THE CANADIAN PRESS
RENEWS-CAPPAHAYDEN, N.L. - Prime Minister Stephen Harper says an attack that killed three aid workers in Afghanistan - including two Canadians - is a reminder of the Taliban's brutality.
The three women, working for the New York-based International Rescue Committee, were shot several times while in a truck on its way to Kabul .
One was identified as a Canadian and another as a British-Canadian. The third woman was from Trinidad. The gunmen also killed their Afghan driver.
"I want to first of all express my condolences to the families of these murdered humanitarian workers," Harper said Wednesday during a visit to eastern Newfoundland.
"This is obviously an outrage, a terribly brutal act, which I think should remind everybody of the brutality of the Taliban and the danger that everybody there faces - not just military people but all those who are there trying to help rebuild this country."
Michael Kocher, the aid agency's vice-president of international programs, identified the 40-year-old British-Canadian as Jacqueline Kirk of Outremont, Que.
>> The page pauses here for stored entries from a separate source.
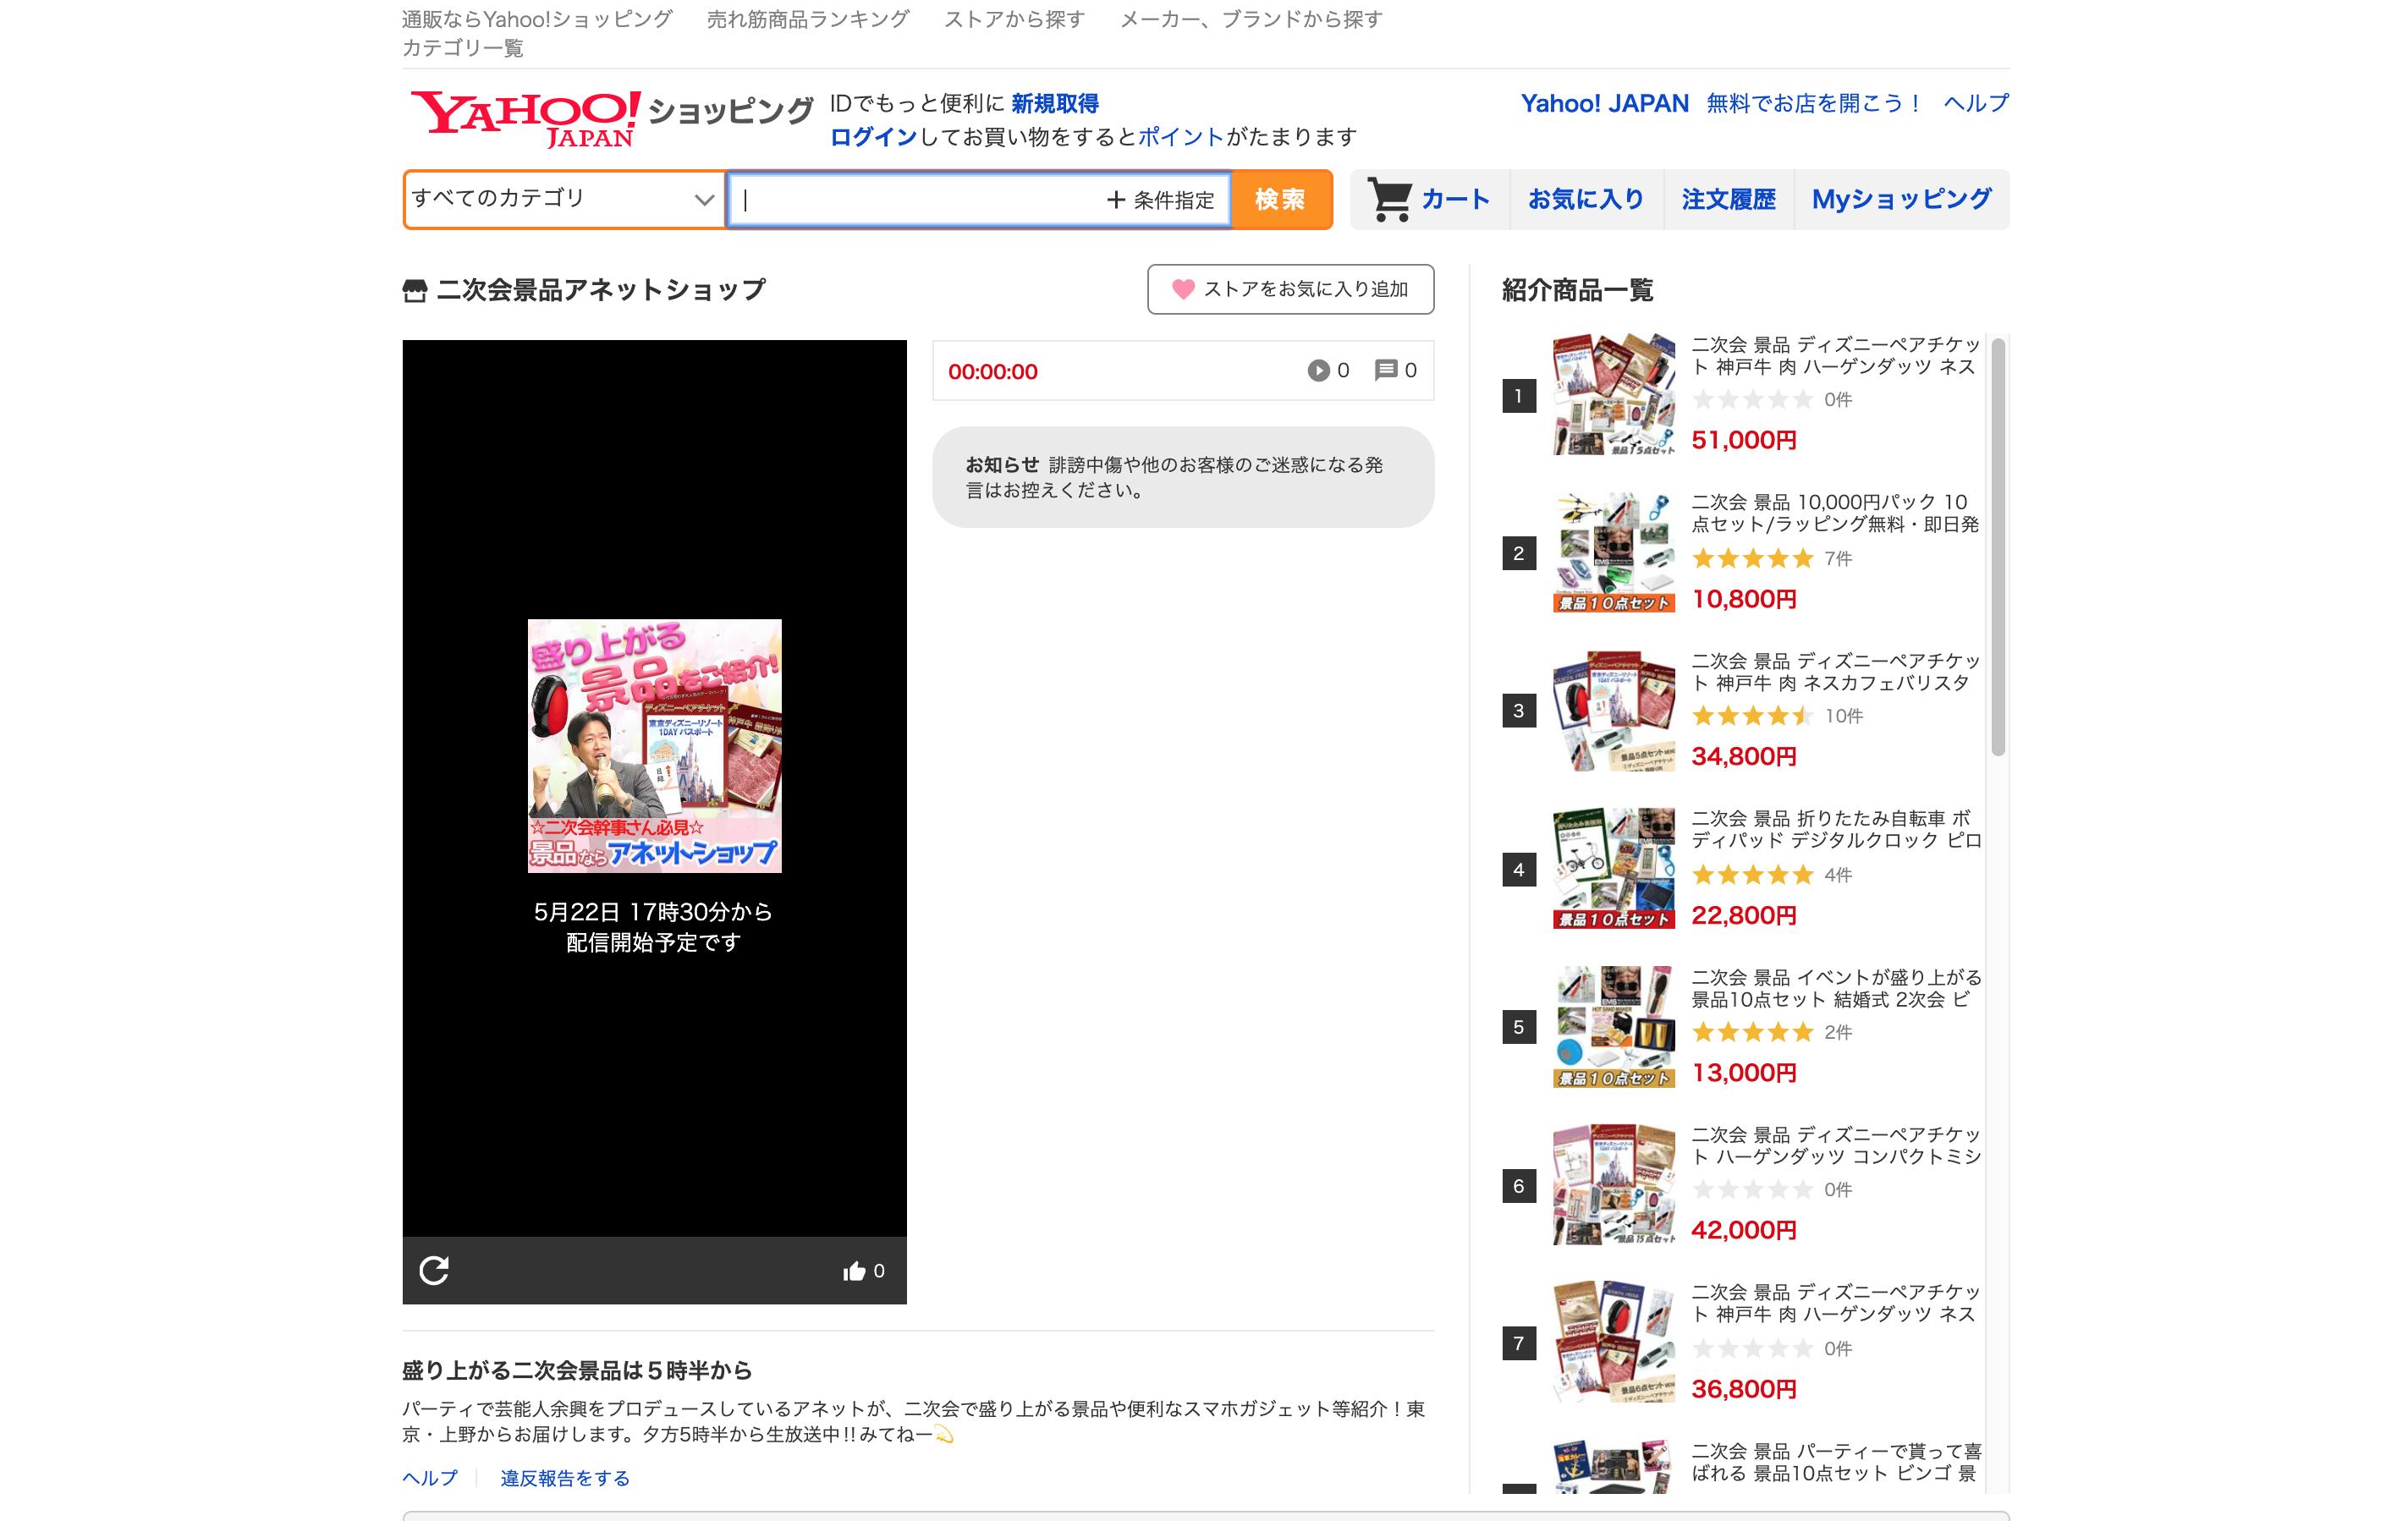 Yahooライブコマース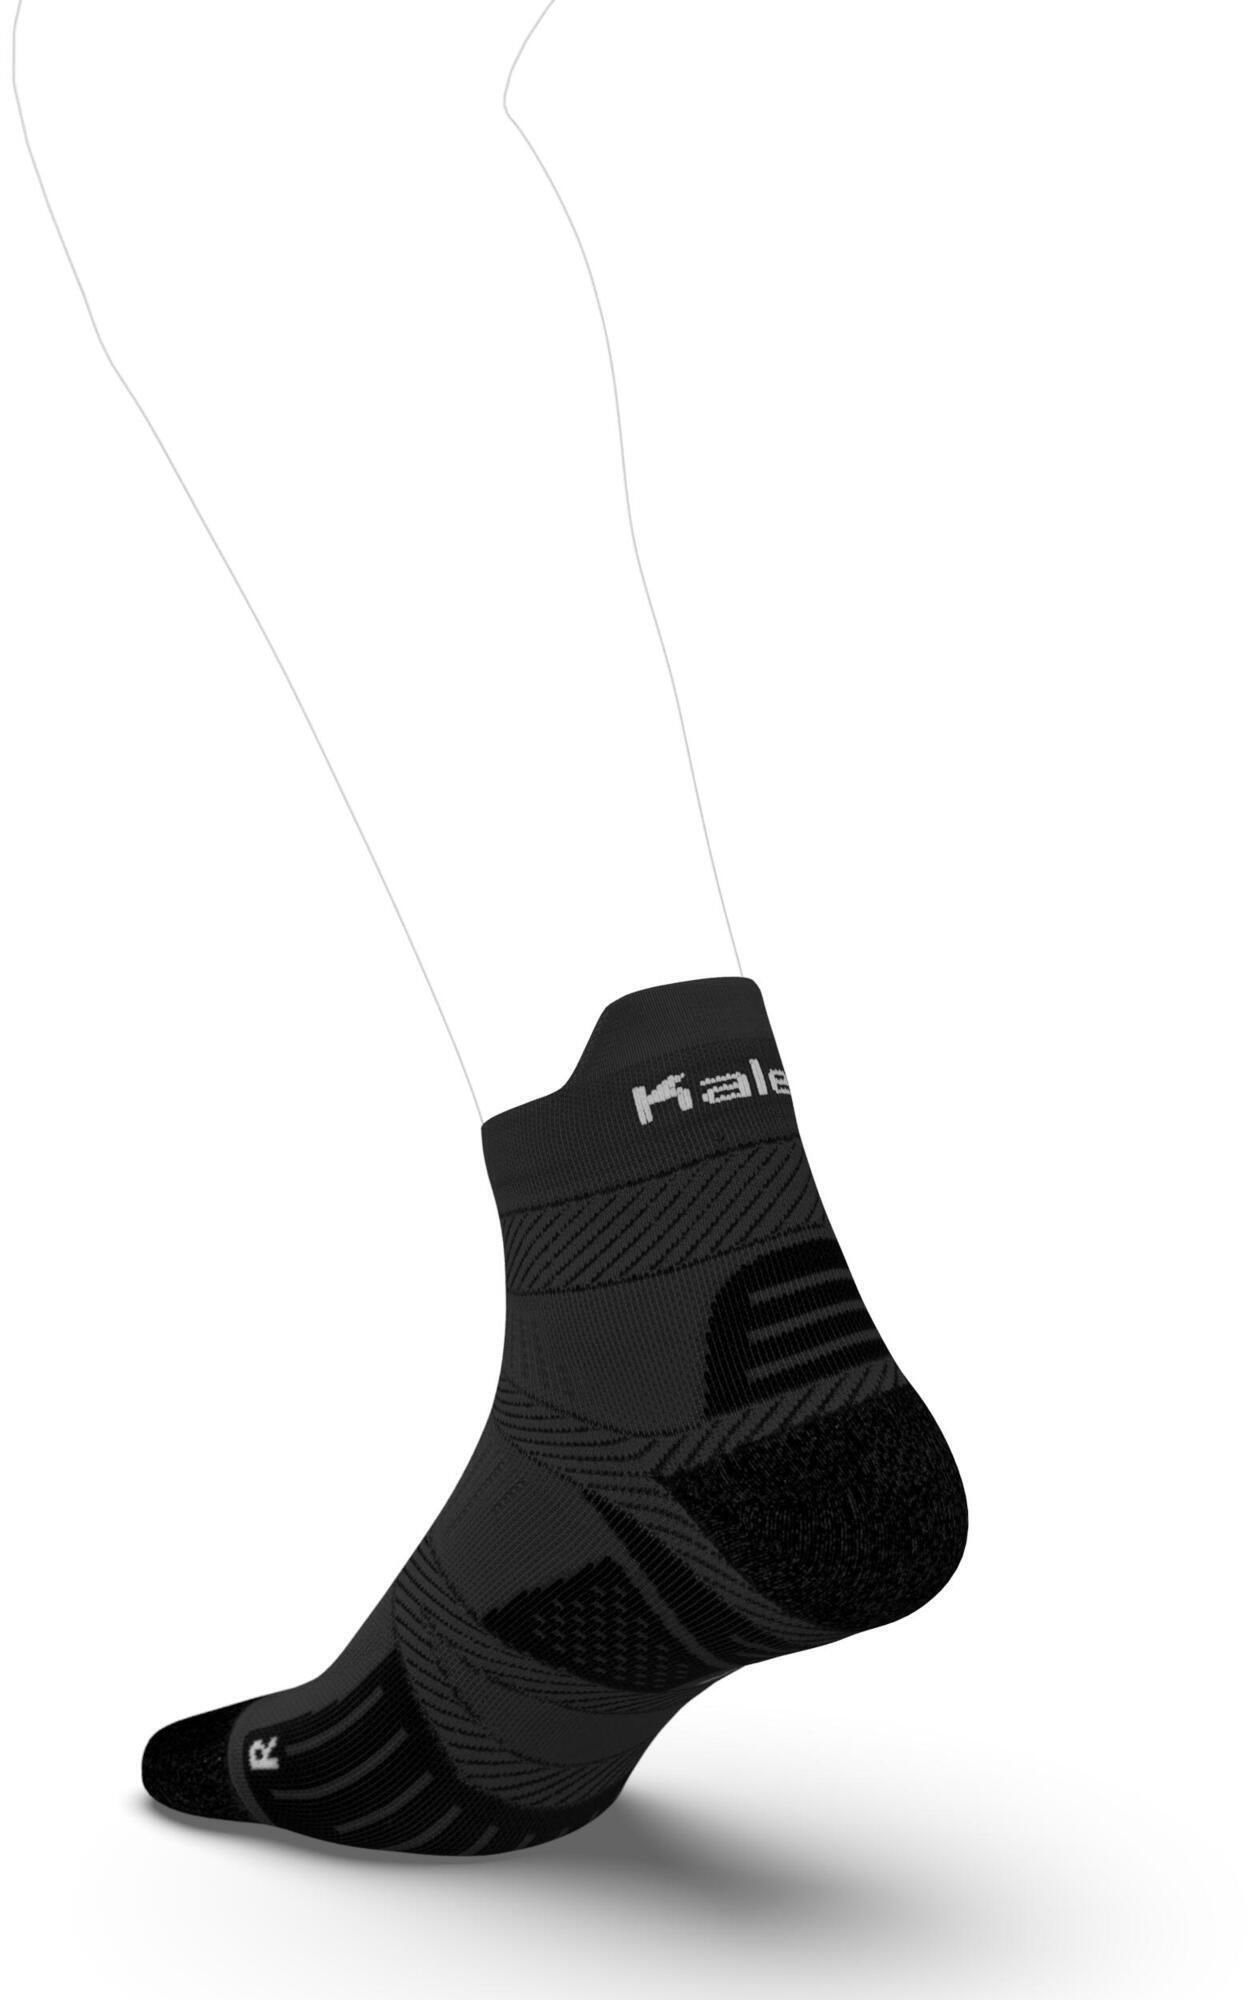 Skarpetki do biegania Kiprun Strap Thin średnie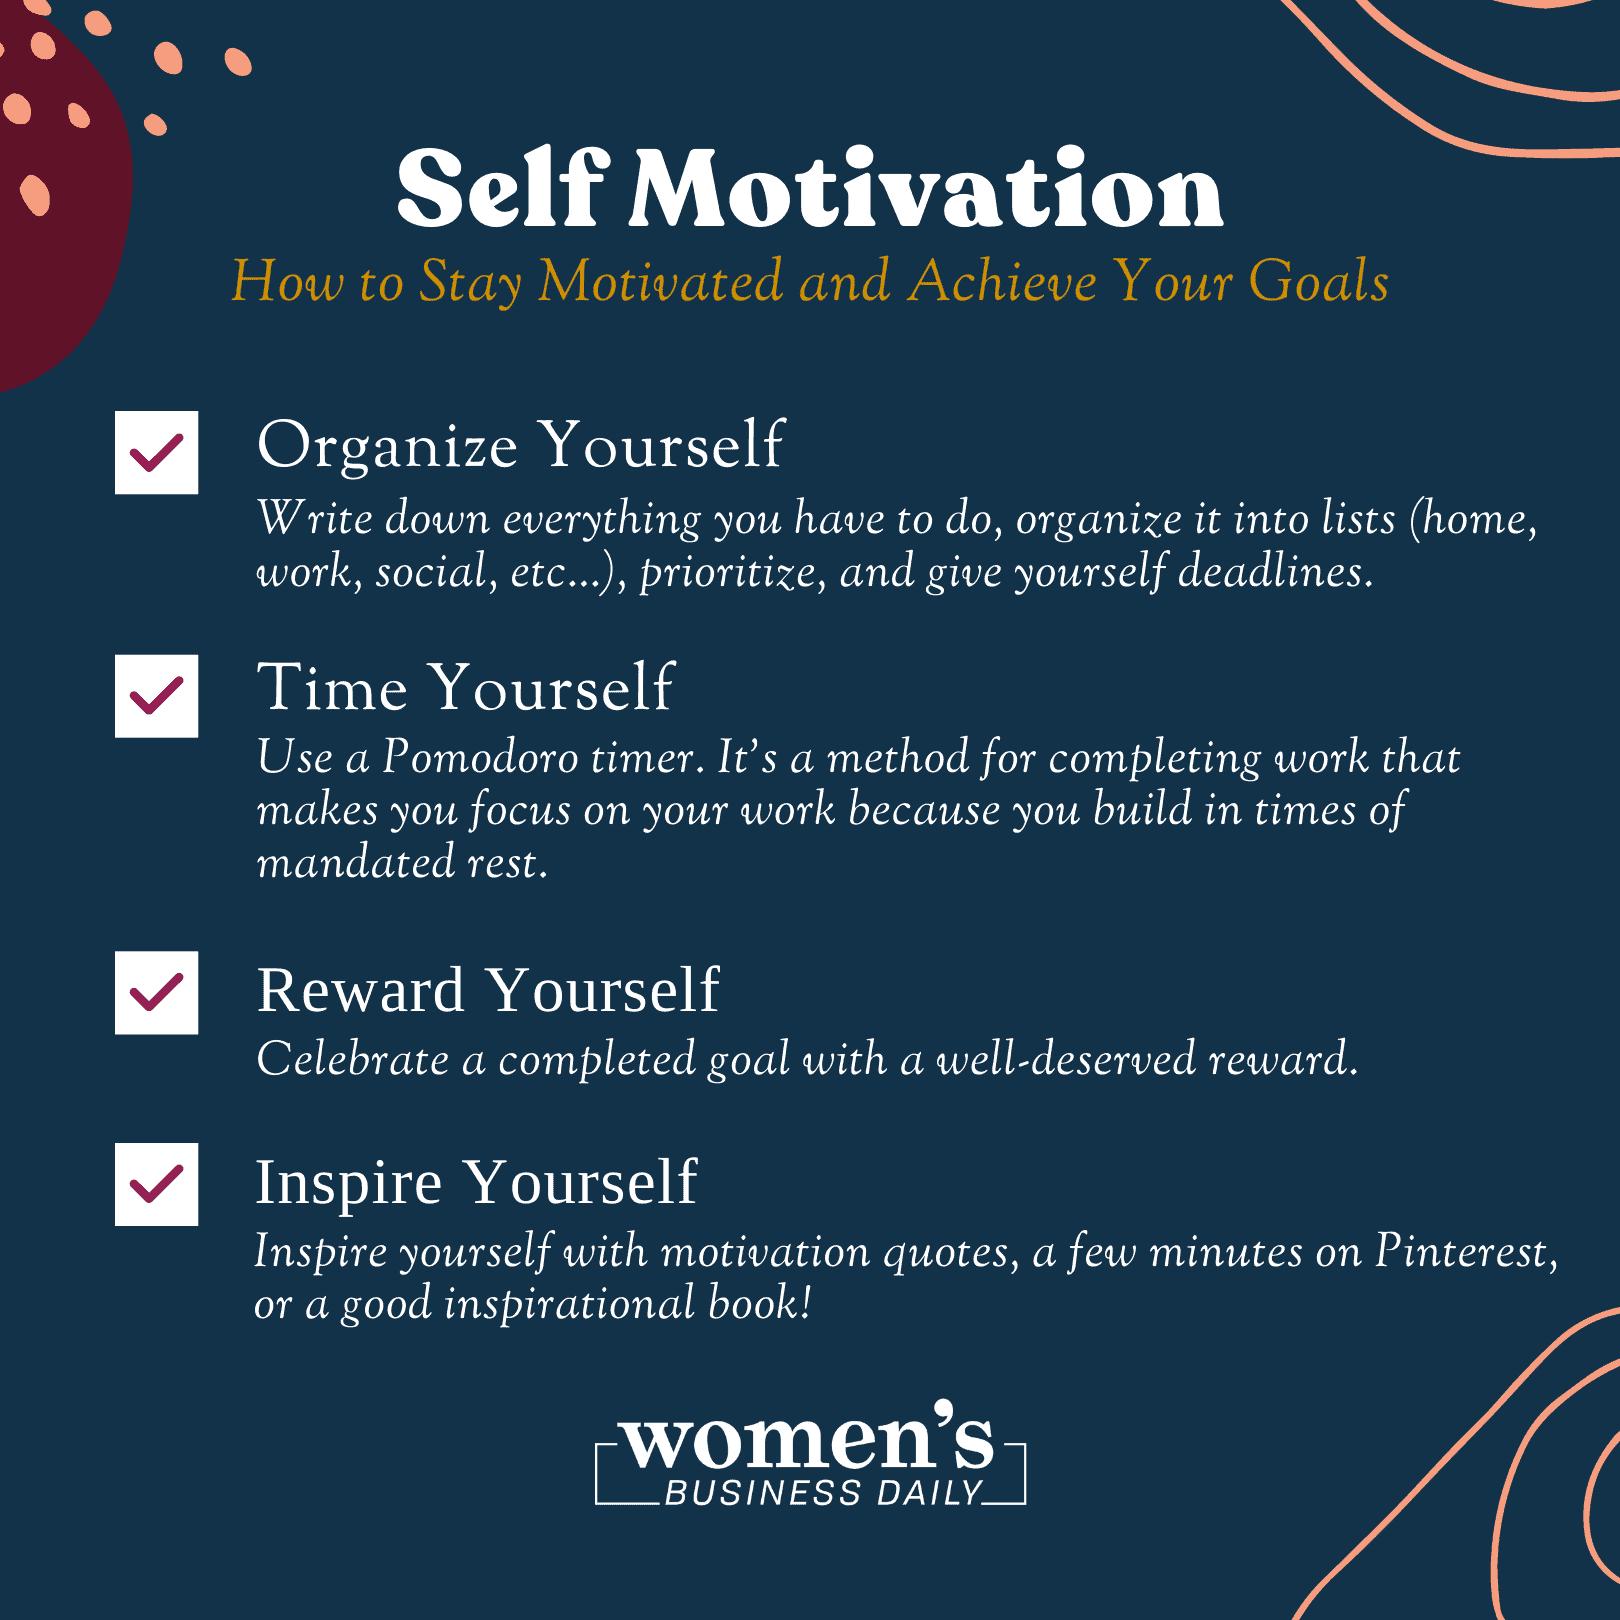 Self motivation checklist

She had been the agency's education adviser since 2004, he said.
The other Canadian killed was identified as Shirley Case, 30, of Williams Lake, B.C. She had been in Afghanistan for just more than two months, the IRC stated on its website.
Gordon Campbell, premier of Case's home province of British Columbia, issued a statement offering condolences to her family and speaking out against the attack.
"This was a despicable, senseless and cowardly attack on people who were working to improve the lives of some of the most disadvantaged people in Afghanistan - women and girls, and children with disabilities who live in conflict zones," Campbell said. "I join the international community in condemning this brutal act."
Also killed was Nicole Dial, 32, a dual citizen of Trinidad and the United States, who was the IRC's co-ordinator for children's program.
The driver killed was Mohammad Aimal, 25, who had worked for the IRC for five years.
The Taliban claimed responsibility for the killing, saying the target was two vehicles of "the foreign invader forces."
"They were not working for the interests of Afghanistan and they belonged to those countries whose forces ... took Afghanistan's freedom," Taliban spokesman Zabiullah Mujahid told The Associated Press in a phone call from an undisclosed location.
Mujahid called the women spies, a frequent Taliban accusation.
Witnesses say Taliban fighters armed Kalashnikov rifles fired dozens of bullets into the aid agency's clearly marked SUV as it travelled on the main road south of Kabul in Logar province.
Harper declined to answer other questions while attending a battle re-enactment in the town of Renews-Cappahayden, about 70 kilometres south of St. John's.